Dataset items:
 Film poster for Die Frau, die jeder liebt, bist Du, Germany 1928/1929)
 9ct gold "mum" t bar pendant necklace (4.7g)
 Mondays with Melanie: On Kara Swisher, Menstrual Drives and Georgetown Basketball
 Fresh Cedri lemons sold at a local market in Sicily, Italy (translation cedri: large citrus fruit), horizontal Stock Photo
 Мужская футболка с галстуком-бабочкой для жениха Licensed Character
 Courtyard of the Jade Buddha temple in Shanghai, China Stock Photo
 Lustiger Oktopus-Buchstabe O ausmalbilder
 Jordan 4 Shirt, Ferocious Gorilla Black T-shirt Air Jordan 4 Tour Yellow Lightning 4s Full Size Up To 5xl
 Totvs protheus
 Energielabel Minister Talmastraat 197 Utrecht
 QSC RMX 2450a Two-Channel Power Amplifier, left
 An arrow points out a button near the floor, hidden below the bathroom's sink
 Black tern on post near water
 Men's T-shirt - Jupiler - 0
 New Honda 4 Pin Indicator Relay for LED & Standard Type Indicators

TASK DESCRIPTION:
Search the records line by line for the word "Black" and copy every line where it appears.

COMPLETED EXERCISE:
 Jordan 4 Shirt, Ferocious Gorilla Black T-shirt Air Jordan 4 Tour Yellow Lightning 4s Full Size Up To 5xl
 Black tern on post near water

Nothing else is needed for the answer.